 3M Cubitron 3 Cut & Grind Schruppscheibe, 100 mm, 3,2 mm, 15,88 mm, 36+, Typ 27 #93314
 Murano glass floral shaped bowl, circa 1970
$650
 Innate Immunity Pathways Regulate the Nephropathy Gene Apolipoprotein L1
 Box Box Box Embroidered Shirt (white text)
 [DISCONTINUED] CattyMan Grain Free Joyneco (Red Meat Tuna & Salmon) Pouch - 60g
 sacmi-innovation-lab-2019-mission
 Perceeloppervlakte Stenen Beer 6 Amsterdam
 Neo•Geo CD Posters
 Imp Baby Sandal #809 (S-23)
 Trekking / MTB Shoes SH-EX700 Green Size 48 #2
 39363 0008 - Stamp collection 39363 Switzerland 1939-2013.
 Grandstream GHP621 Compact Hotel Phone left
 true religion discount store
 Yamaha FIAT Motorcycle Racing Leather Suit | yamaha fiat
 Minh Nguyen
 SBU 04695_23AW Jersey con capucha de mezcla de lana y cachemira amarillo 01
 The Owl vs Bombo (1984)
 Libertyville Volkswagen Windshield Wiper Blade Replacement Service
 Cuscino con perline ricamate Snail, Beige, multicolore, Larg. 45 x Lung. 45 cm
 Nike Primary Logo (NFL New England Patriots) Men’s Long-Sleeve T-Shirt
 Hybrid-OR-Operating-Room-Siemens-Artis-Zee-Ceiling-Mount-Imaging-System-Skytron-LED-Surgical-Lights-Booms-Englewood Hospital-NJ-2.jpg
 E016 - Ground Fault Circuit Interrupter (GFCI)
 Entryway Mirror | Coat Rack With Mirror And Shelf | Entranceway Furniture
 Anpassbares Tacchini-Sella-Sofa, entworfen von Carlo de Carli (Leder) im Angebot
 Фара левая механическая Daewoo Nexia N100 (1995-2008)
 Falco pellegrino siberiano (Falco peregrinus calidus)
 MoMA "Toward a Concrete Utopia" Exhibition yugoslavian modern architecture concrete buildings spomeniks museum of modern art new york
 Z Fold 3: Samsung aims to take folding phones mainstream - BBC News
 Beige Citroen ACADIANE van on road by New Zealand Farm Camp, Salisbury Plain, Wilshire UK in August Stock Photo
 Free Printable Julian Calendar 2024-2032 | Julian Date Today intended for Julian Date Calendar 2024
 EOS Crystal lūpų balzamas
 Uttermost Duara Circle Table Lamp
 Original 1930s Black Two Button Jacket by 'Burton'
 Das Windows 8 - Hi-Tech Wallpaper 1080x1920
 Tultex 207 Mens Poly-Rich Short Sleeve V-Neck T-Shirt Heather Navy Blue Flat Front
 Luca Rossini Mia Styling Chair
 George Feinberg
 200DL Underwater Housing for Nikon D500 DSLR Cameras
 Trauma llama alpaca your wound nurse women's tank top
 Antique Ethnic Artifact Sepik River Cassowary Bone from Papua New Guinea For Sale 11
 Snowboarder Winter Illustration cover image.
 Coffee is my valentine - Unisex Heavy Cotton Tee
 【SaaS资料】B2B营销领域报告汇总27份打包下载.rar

--- --- ---

### Exercise description:
Looking at the data above, write out exactly the lines that start at the one containing "EOS Crystal lūpų balzamas" and end at the one containing "Luca Rossini Mia Styling Chair"; include both and nothing beyond.

### Solution for this exercise:
 EOS Crystal lūpų balzamas
 Uttermost Duara Circle Table Lamp
 Original 1930s Black Two Button Jacket by 'Burton'
 Das Windows 8 - Hi-Tech Wallpaper 1080x1920
 Tultex 207 Mens Poly-Rich Short Sleeve V-Neck T-Shirt Heather Navy Blue Flat Front
 Luca Rossini Mia Styling Chair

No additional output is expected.